New York Cooking Schools: Karen Lee
Karen Lee's Cooking School offers healthy cuisine on the Upper West Side
by Julie Ryland
"Cook for taste, eat for health." That's cooking guru Karen Lee's mantra, and it seems to work. The 63-year old Lee has a soft face with a healthy glow, and not an age-revealing sign of either wrinkles or facelifts.
As the owner of Karen Lee, a New York City-based company offering catering and cooking classes, Lee has been teaching people how to cut, slice, sautée, fry and taste for 37 years.
While some people prefer to connect with their body in the yoga studio doing downward dog, Lee connects with her body in the kitchen - eating and cooking healthy, often Chinese-inspired, food.

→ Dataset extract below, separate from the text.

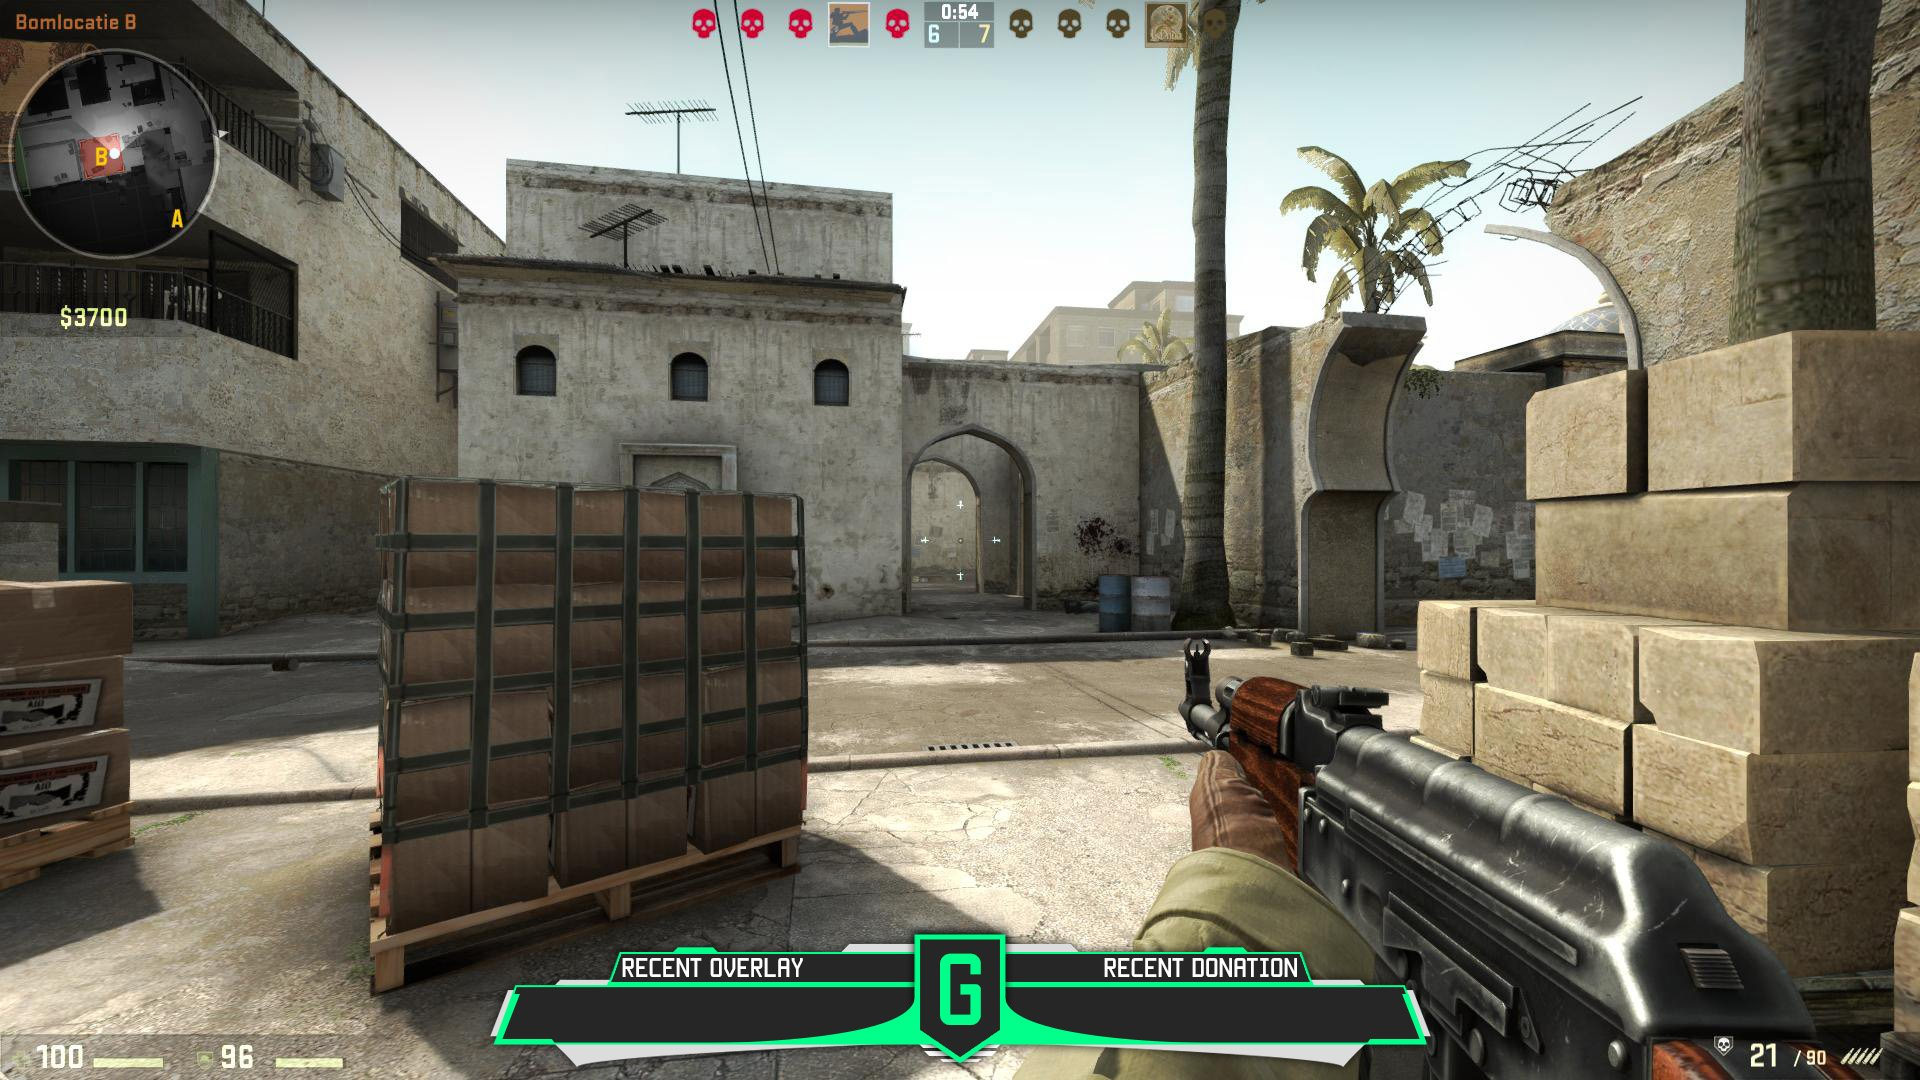 Counter strike global offensive увеличить fps переделать аватарку для кс го 64х64

While she talks about how to properly cut and slice vegetables (no sawing, simply push forward with the knife), she passes around a cup of boiled chickpeas. She wants each of us to pick one up and feel it between our fingers before we taste it.
Then she wipes some sand and mud off an organic yellow turnip, also known as a rutabaga. She passes it around, and lets each of us roll it between our hands and inhale the earthy, organic smell. "Don't peel it," she says before she gives it a thorough rinse under cold water. "It will strip it of the most important nutrients."
There's plenty of nutrients in the first of five dishes, a chunky vegetable soup. It takes only about an hour to prepare, but is packed with vegetables and spices that, she says, can add years to your life.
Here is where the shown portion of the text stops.